-- Collected data follows --
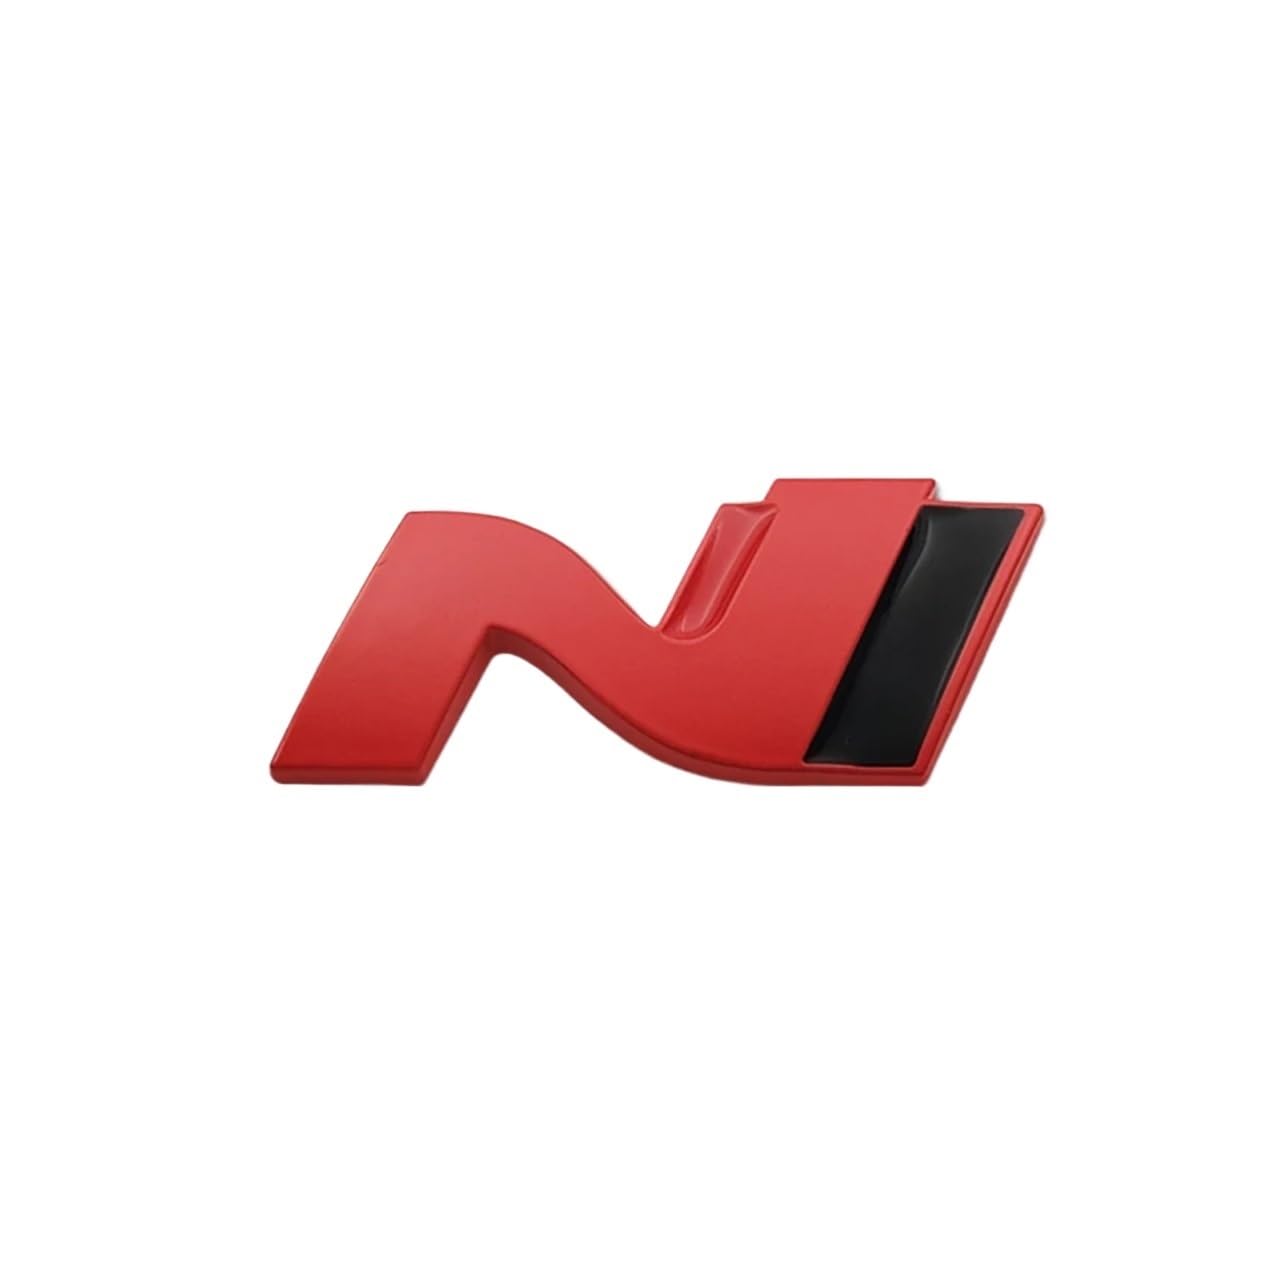 N Line Nline Abzeichen Emblem Aufkleber Frontgrill Kompatibel mit Sonata I30 2021 Elantra Veloster Kona Tucson N Line StylingCar Aufkleber(Red) von NRUOS
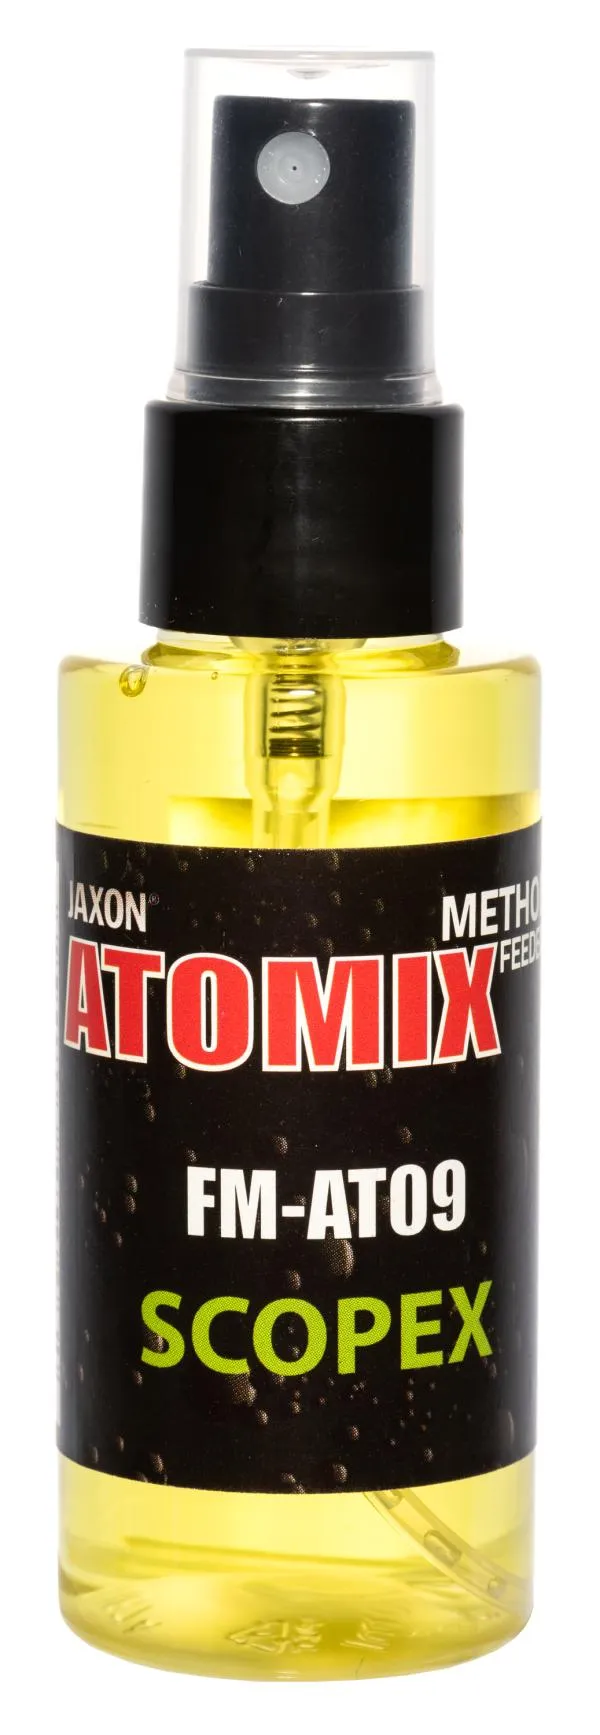 NextFish - Horgász webshop és horgászbolt - JAXON ATOMIX - SCOPEX 50g aroma
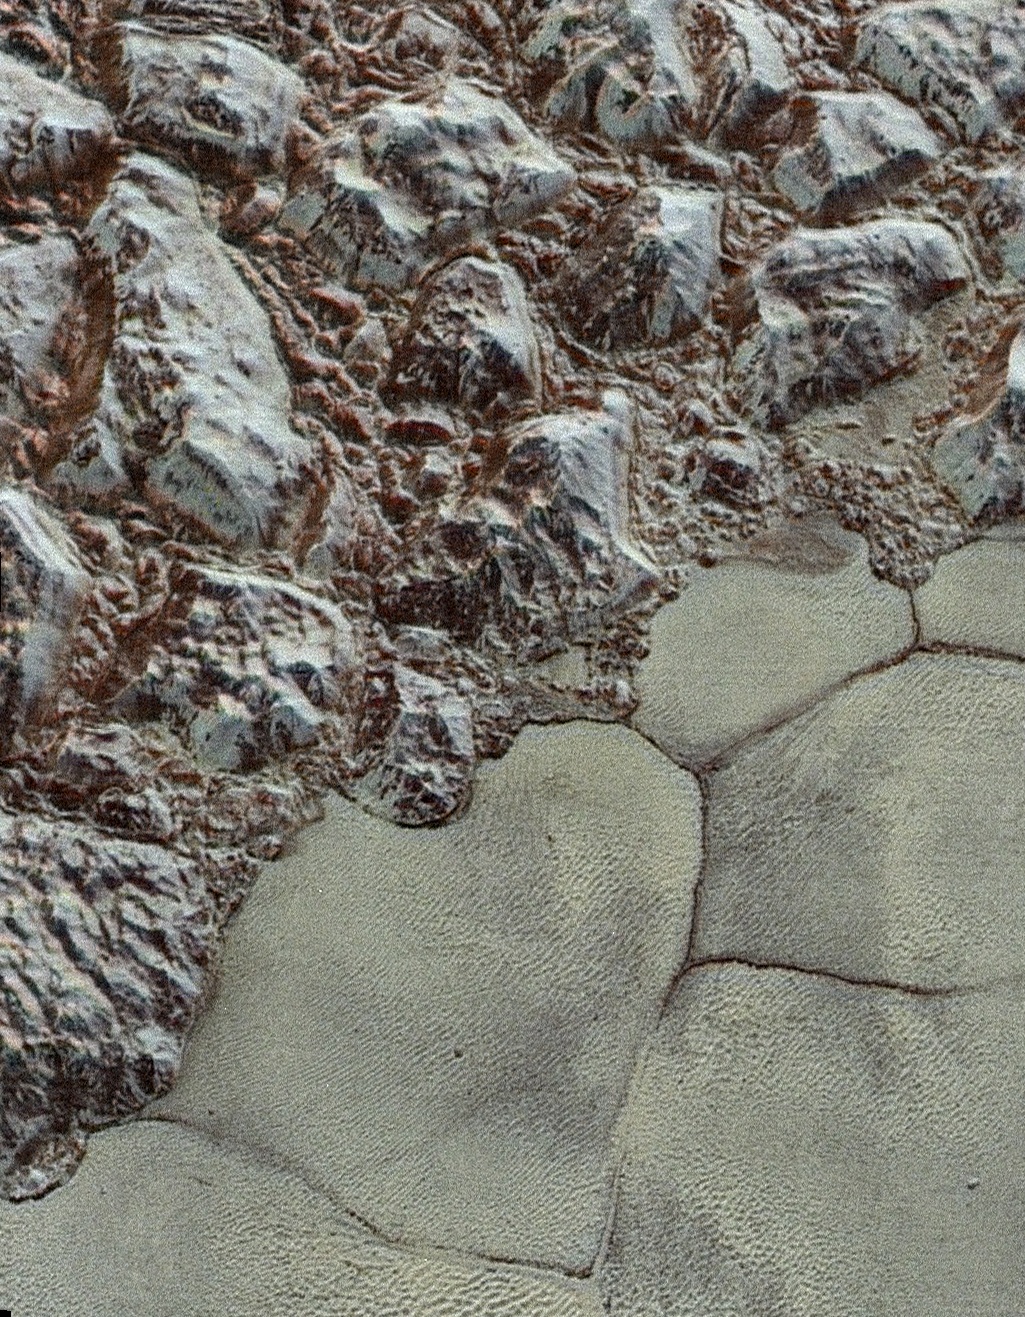 Първите цветни и детайлни снимки на Плутон
-- Collected data concluded --
Assignment: Print the material word for word; images are to be left out.

Written solution:
 N Line Nline Abzeichen Emblem Aufkleber Frontgrill Kompatibel mit Sonata I30 2021 Elantra Veloster Kona Tucson N Line StylingCar Aufkleber(Red) von NRUOS
 NextFish - Horgász webshop és horgászbolt - JAXON ATOMIX - SCOPEX 50g aroma
 Първите цветни и детайлни снимки на Плутон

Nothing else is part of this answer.